Я спела «Исходила младе-ше-нька по лугам и боло-о-о-там.». Спела очень жалобно, потому что песня жалостная. Там еще трудный такой скачок наверх, интервал — ну очень неудобный. Младе-ше-нька — вот в этом месте, на «ше». Но сейчас все удачно получилось, зев открылся, как требовала педагог, и я осталась довольна нотой. У первокурсников-вокалистов только так: получилась нота — день удался.

— Молодец вы, — похлопала учительница. — Но сегодня уже все экзамены закончились. Мне жаль…

Я тоже расстроилась — в такую даль ехала. С Октябрьского поля до Пролетарки еле впихнула себя в час пик…

— А когда пересдача будет? — вздохнула я.

— Ну как же я посмотрю, если вы не знаете фамилию педагога? — тоже вздохнула добрая женщина.

— Ну, может Орлова? Посмотрите Орлову! Нет такой? Лисицына? Волкова?

— Нет таких. Давайте попробуем через вашу фамилию найти. Вы свою фамилию знаете?

— Ну, обижаете!

Учительница склонилась над списком первокурсников.

— Вот, нашла. У вас преподают Смирнов, Корякин, Добродушная и Зубкова.

— Во! Зубкова ее фамилия! Я же помню, что хищная.

Женщина в недоумении склонила голову и тактично заметила:

— Странная ассоциация… Вообще. Зубкова — это я.

Мне так неловко стало, получается, человека обидела, да еще и себя по полной заложила.

— Поставьте мне тройку, пожалуйста, и я уйду, — отважно попросила я, потому что пела, а значит, заработала.

Зубкова подумала и предложила компромисс:

— Вы приезжайте ко мне сюда завтра. Просто приедете, и я поставлю вам… четверку. А то как-то совсем неприлично будет, если сегодня. Хорошо?

Что делать… Пришлось согласиться.

Это был мой первый бартер.

В дальнейшем я сдавала предметы в институте только так: переносила знания, полученные в училище, на все институтские предметы. Экзамен по психологии я сдала на пять, потому что привела очень удачный психологический прием из творчества Франца Гайдна. Во времена Гайдна спесивая лондонская публика ходила на концерты, в основном чтобы поспать. Естественно, автора произведений это раздражало, и он применил следующий маневр. Сочинил симфонию специально для лондонцев. И назвал ее «Сюрприз».

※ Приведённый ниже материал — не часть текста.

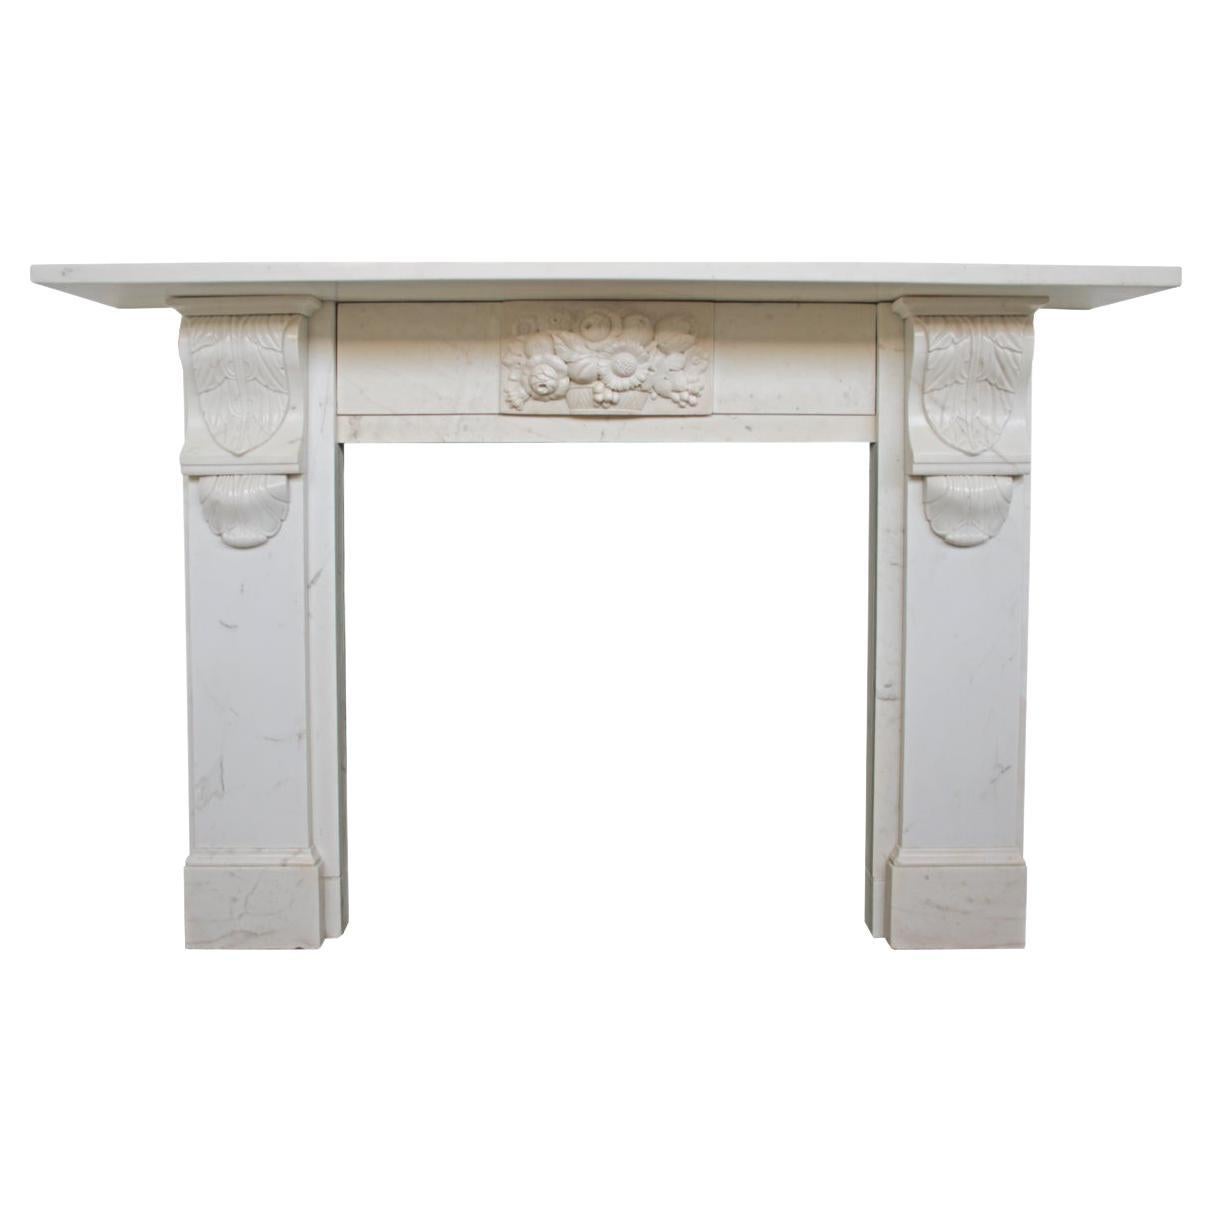 Substantial Early Victorian Statuary Marble Fireplace Surround

Начиналась она медленно и плавно. Публика мирно засыпала. И вдруг на последней ноте раздавался оглушительный аккорд. Народ тут же встряхивался и начинал удивляться. Слушал какое-то время, но потом снова начинал клевать носом. И тут опять грохот литавр — «бах»!

Простецкая мелодия и подвох в конце. Конечно, мимо такого случая я не могла пройти, и Гайдн проложил мне триумфальную дорожку к пятеркам по психологии, философии и истории. Всем педагогам очень нравилось, когда я приводила этот исторический факт и еще вдобавок иллюстрировала его голосом.

И если с институтом проходила такая халява, то к училищу отношение было координально противоположным.

Все, кто поступал в музыкальное заведение, любили музыку и хотели стать певцами, музыкантами, дирижерами. Случайных людей не было, потому что эту профессию выбирают фанаты. И вся жизнь подчинена звукам и их извлечению. Особенно это ощущалось в коридорах училища, в местах скопления вокалистов.